Scan the material for the word "Wool" and return every matching line.

[Opening LISTED ENTRIES section]

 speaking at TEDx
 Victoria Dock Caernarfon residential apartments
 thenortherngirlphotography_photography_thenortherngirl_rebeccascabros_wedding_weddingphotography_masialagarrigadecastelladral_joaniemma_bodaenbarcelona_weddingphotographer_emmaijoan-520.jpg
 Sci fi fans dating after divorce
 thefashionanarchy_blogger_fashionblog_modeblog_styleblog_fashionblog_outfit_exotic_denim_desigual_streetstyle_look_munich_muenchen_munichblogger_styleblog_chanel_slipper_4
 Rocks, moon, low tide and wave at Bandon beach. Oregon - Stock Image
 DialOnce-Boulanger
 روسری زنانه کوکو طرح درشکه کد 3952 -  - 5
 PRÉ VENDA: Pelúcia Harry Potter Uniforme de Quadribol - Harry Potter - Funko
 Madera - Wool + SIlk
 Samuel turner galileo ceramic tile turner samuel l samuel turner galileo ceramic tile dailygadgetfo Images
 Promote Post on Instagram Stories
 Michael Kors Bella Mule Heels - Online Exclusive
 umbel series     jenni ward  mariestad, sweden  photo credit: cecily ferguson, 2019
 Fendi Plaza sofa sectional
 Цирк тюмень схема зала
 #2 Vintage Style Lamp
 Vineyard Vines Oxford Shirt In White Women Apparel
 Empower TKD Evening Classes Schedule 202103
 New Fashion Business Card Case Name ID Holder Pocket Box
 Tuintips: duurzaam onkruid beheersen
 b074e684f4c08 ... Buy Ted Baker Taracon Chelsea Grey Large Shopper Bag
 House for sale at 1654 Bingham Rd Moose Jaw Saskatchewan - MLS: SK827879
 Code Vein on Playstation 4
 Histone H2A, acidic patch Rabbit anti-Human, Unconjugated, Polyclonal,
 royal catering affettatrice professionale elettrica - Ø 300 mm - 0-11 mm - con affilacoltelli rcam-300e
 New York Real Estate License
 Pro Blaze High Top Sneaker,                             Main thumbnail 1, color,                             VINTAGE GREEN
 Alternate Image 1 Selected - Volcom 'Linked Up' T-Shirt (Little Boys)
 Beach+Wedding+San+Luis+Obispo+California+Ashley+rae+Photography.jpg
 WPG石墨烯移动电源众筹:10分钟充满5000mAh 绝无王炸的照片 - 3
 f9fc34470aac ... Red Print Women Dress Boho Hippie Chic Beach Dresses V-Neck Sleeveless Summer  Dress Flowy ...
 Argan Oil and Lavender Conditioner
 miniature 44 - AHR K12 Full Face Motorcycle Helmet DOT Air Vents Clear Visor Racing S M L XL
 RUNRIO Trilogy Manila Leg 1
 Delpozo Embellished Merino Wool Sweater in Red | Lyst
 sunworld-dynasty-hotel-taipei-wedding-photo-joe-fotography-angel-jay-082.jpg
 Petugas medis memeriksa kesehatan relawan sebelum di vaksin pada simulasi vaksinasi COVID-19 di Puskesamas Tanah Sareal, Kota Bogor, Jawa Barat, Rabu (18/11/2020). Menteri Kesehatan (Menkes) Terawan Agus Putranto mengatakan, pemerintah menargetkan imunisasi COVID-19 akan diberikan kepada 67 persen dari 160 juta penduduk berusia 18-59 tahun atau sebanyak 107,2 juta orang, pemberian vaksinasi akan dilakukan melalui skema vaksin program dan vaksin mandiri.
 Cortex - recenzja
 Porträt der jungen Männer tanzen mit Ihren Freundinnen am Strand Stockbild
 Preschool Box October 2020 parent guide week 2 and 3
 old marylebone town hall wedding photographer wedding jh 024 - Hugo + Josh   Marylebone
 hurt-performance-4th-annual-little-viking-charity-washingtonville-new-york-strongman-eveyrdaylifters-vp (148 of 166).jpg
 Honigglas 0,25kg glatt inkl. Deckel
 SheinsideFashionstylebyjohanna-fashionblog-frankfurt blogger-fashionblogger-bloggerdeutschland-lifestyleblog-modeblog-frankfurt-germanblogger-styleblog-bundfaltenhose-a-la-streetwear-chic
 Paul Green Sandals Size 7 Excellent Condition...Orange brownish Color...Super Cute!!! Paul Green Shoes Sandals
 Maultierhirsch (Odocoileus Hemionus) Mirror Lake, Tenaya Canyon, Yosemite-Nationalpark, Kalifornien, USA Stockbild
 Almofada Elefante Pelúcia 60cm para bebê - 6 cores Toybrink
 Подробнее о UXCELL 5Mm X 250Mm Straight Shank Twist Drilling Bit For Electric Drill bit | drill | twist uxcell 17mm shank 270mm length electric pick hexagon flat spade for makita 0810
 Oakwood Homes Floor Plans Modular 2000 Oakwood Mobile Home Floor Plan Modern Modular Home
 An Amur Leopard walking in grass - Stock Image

[Closing LISTED ENTRIES section]

■ SOLUTION FOR THIS PROBLEM:
 Madera - Wool + SIlk
 Delpozo Embellished Merino Wool Sweater in Red | Lyst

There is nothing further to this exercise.